#### [Work request]
Your response to the data below should hold nothing except the lines from the one containing "Portugal - D.Luiz" down to the one containing "Linen 41-Star American", reproduced exactly and without pictures.

#### [Dataset records]
===

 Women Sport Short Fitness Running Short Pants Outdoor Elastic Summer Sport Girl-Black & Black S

===

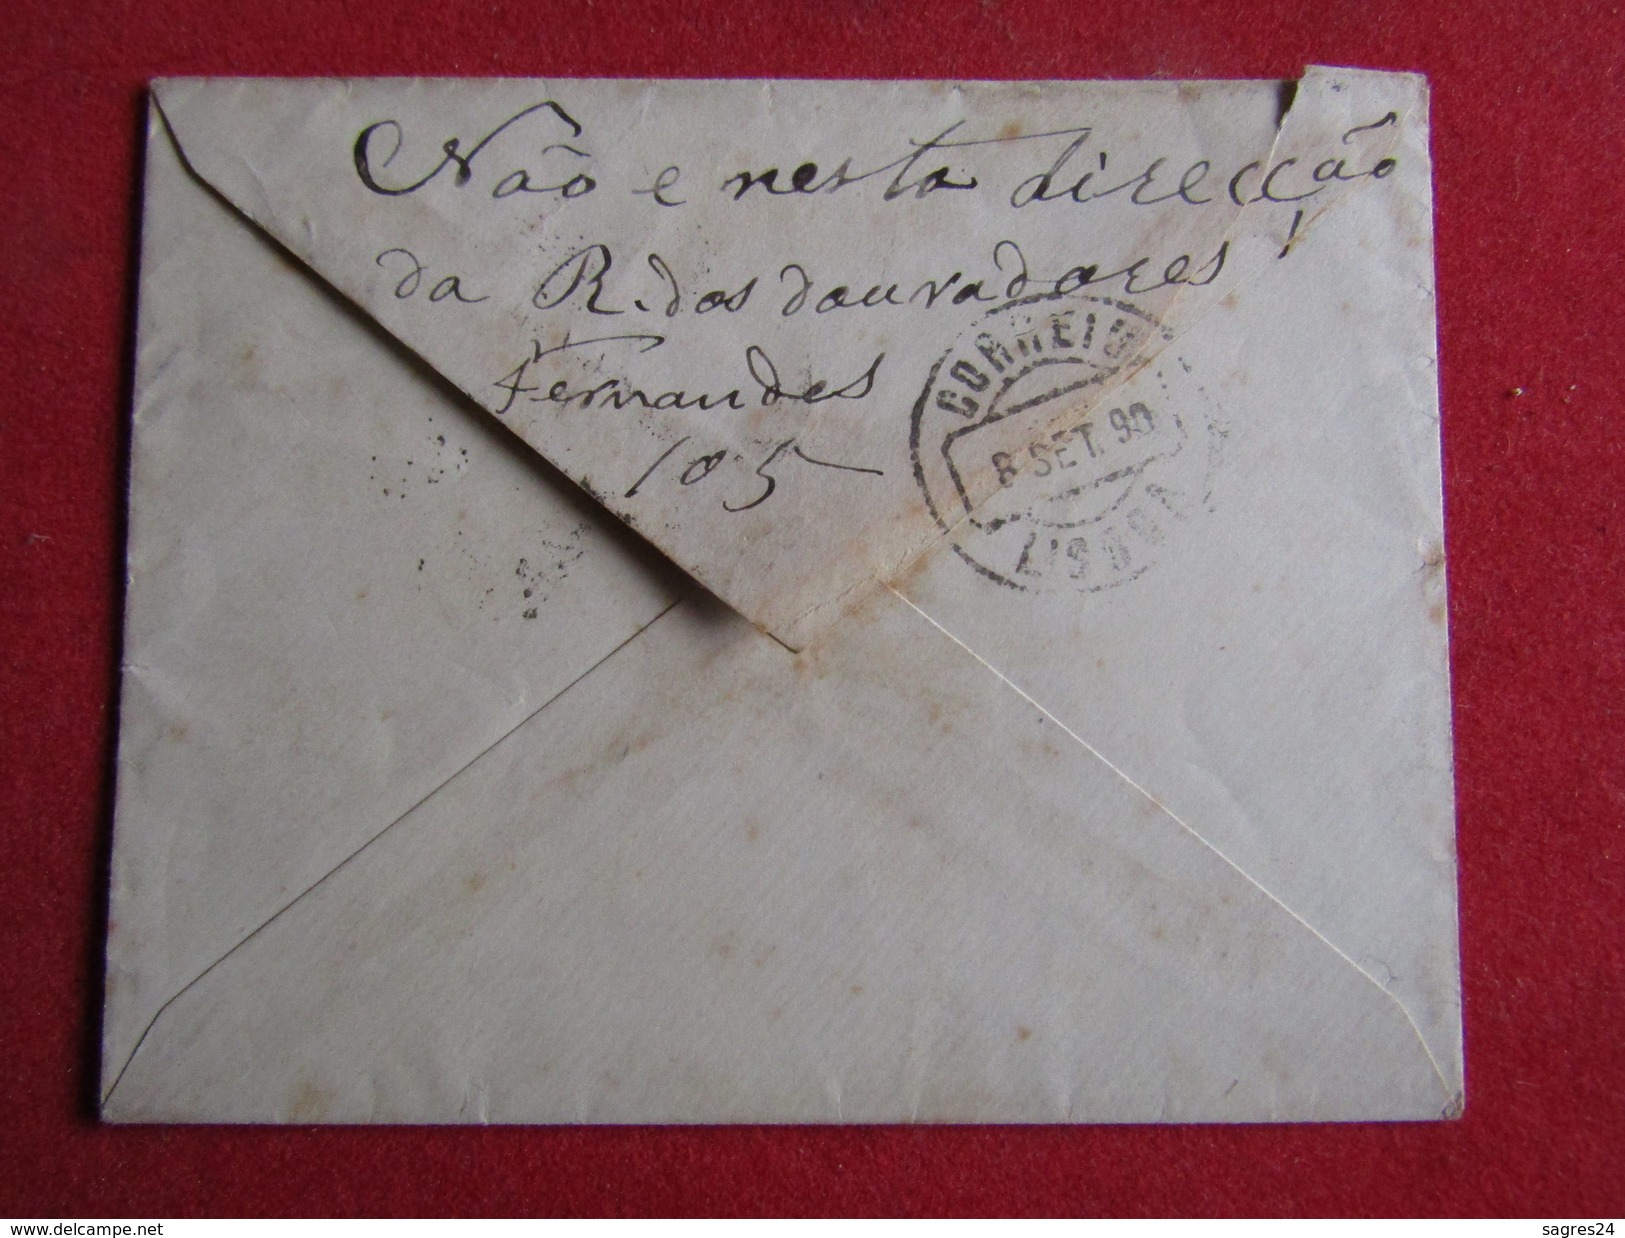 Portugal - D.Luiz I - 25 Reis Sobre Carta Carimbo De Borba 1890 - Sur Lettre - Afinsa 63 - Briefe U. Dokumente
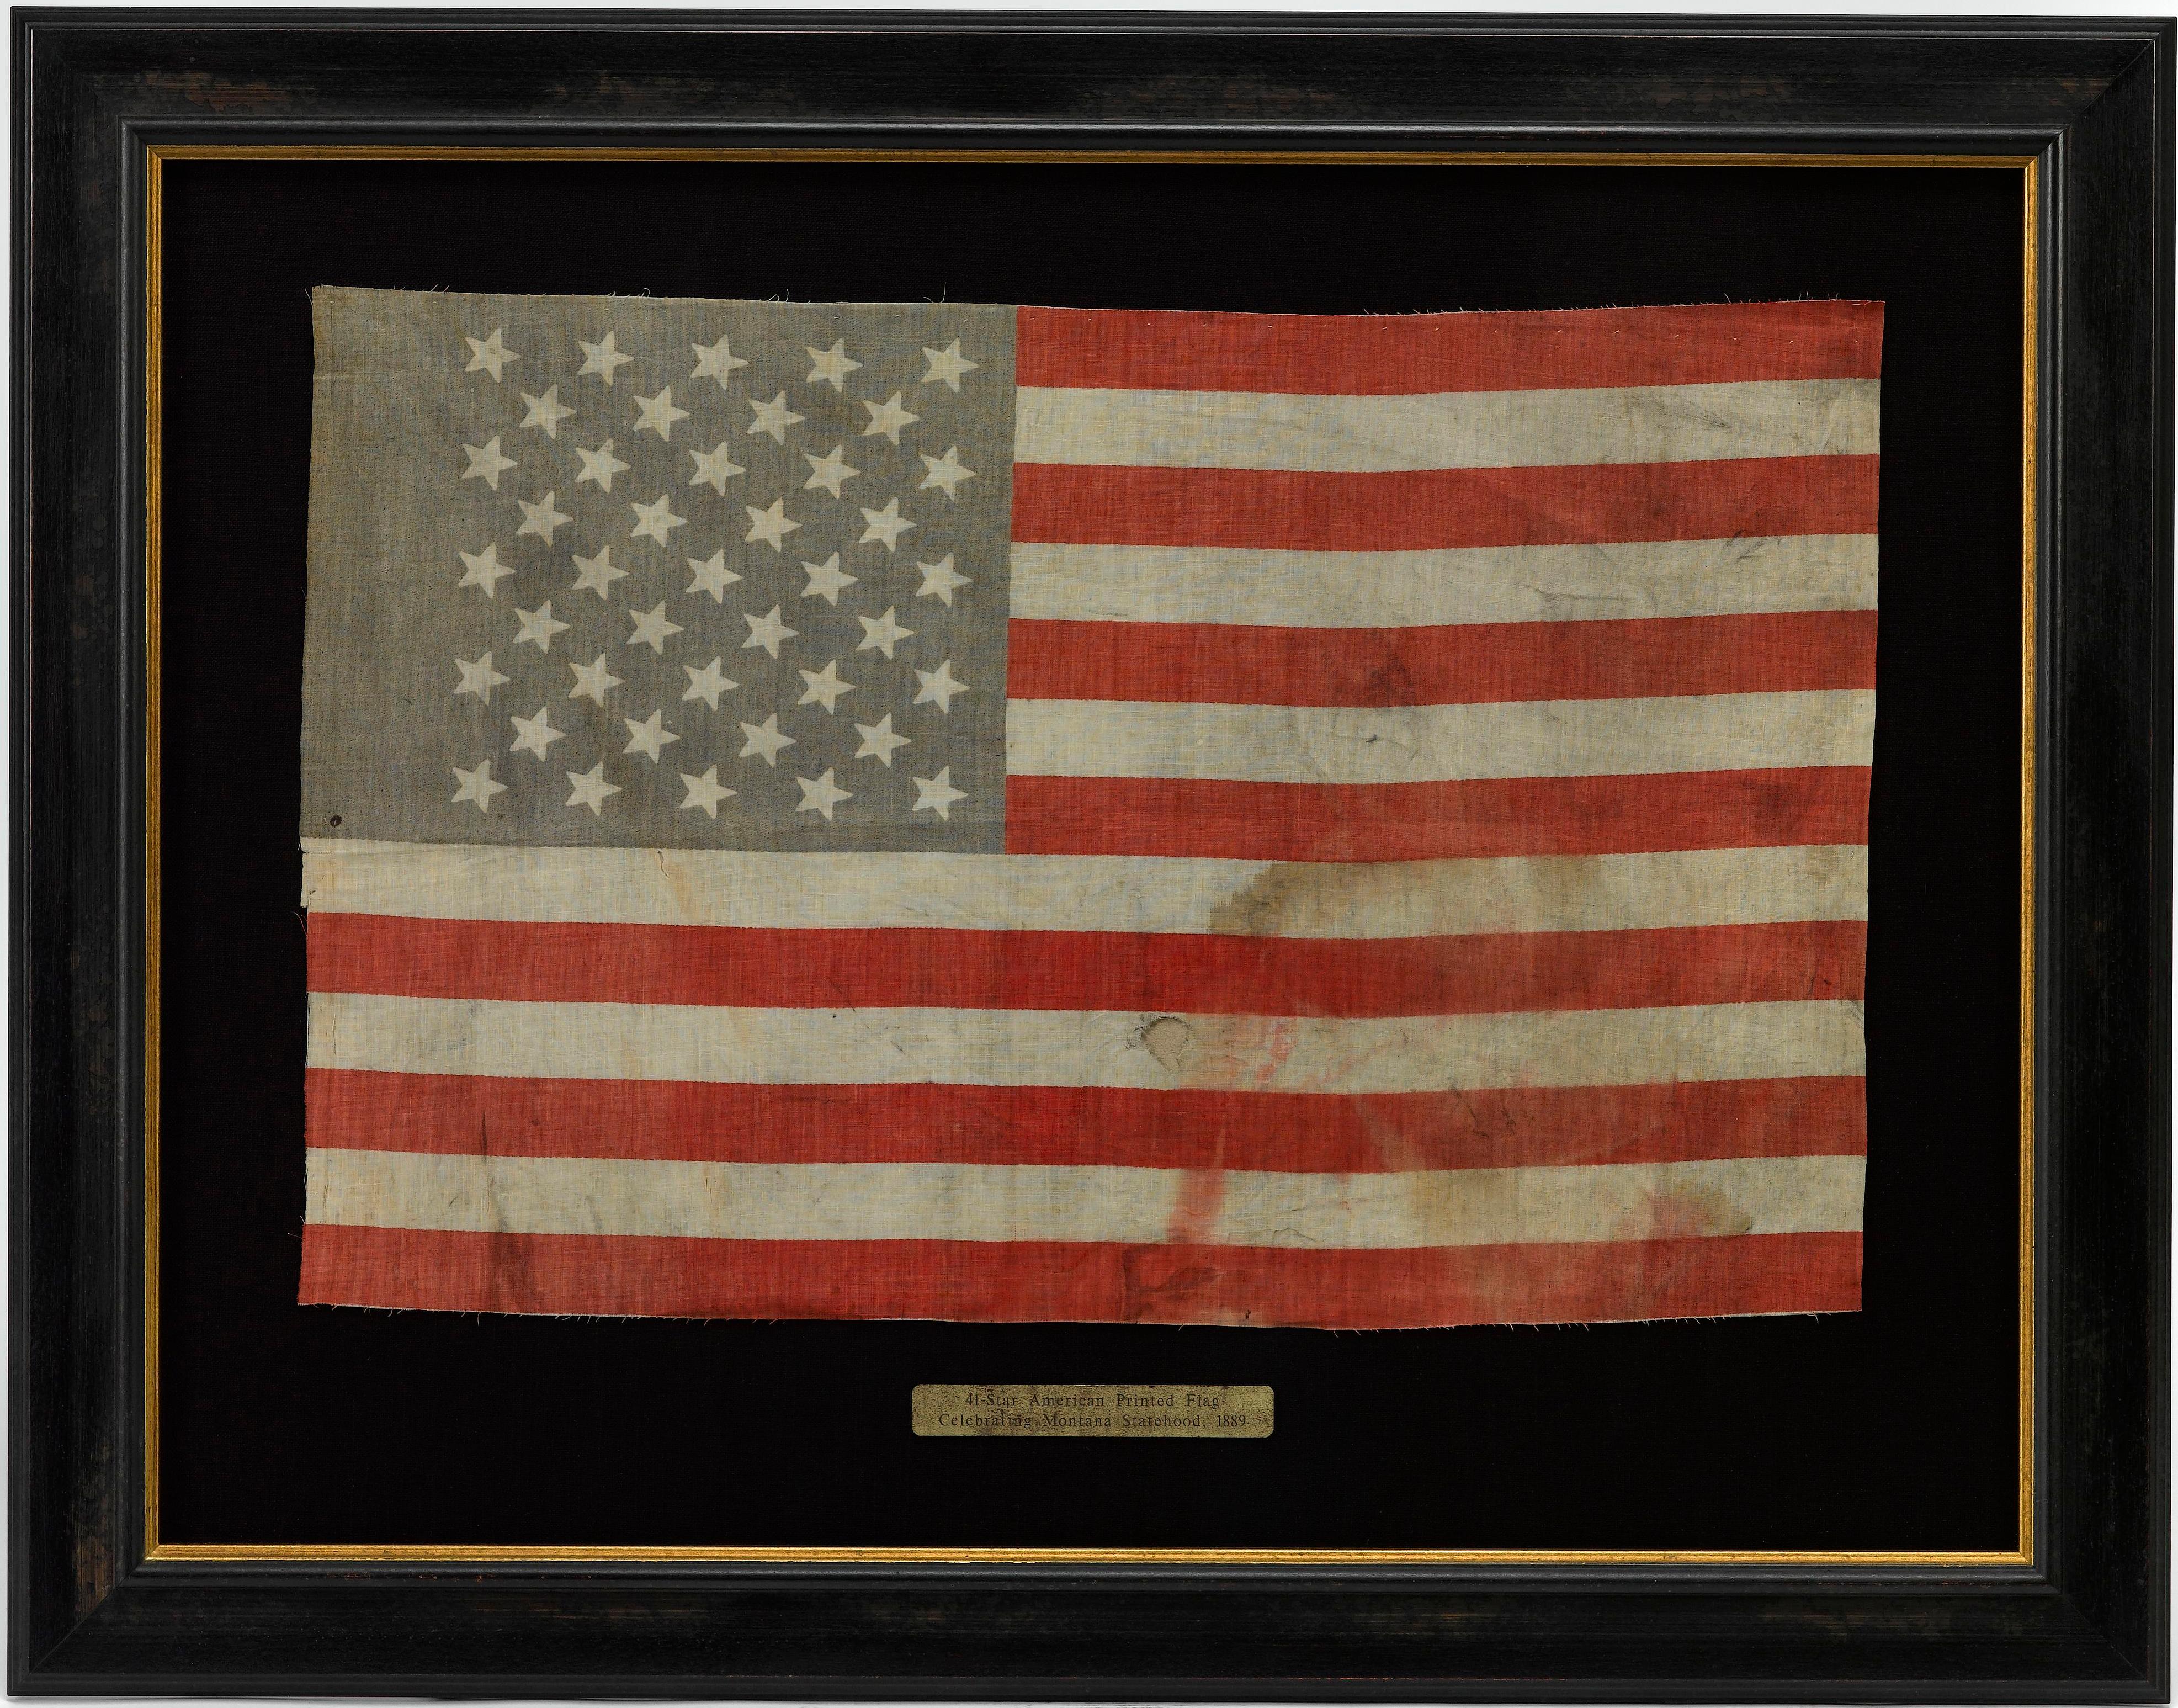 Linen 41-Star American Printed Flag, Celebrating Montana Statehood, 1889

===

#### [Solution]
 Portugal - D.Luiz I - 25 Reis Sobre Carta Carimbo De Borba 1890 - Sur Lettre - Afinsa 63 - Briefe U. Dokumente
 Linen 41-Star American Printed Flag, Celebrating Montana Statehood, 1889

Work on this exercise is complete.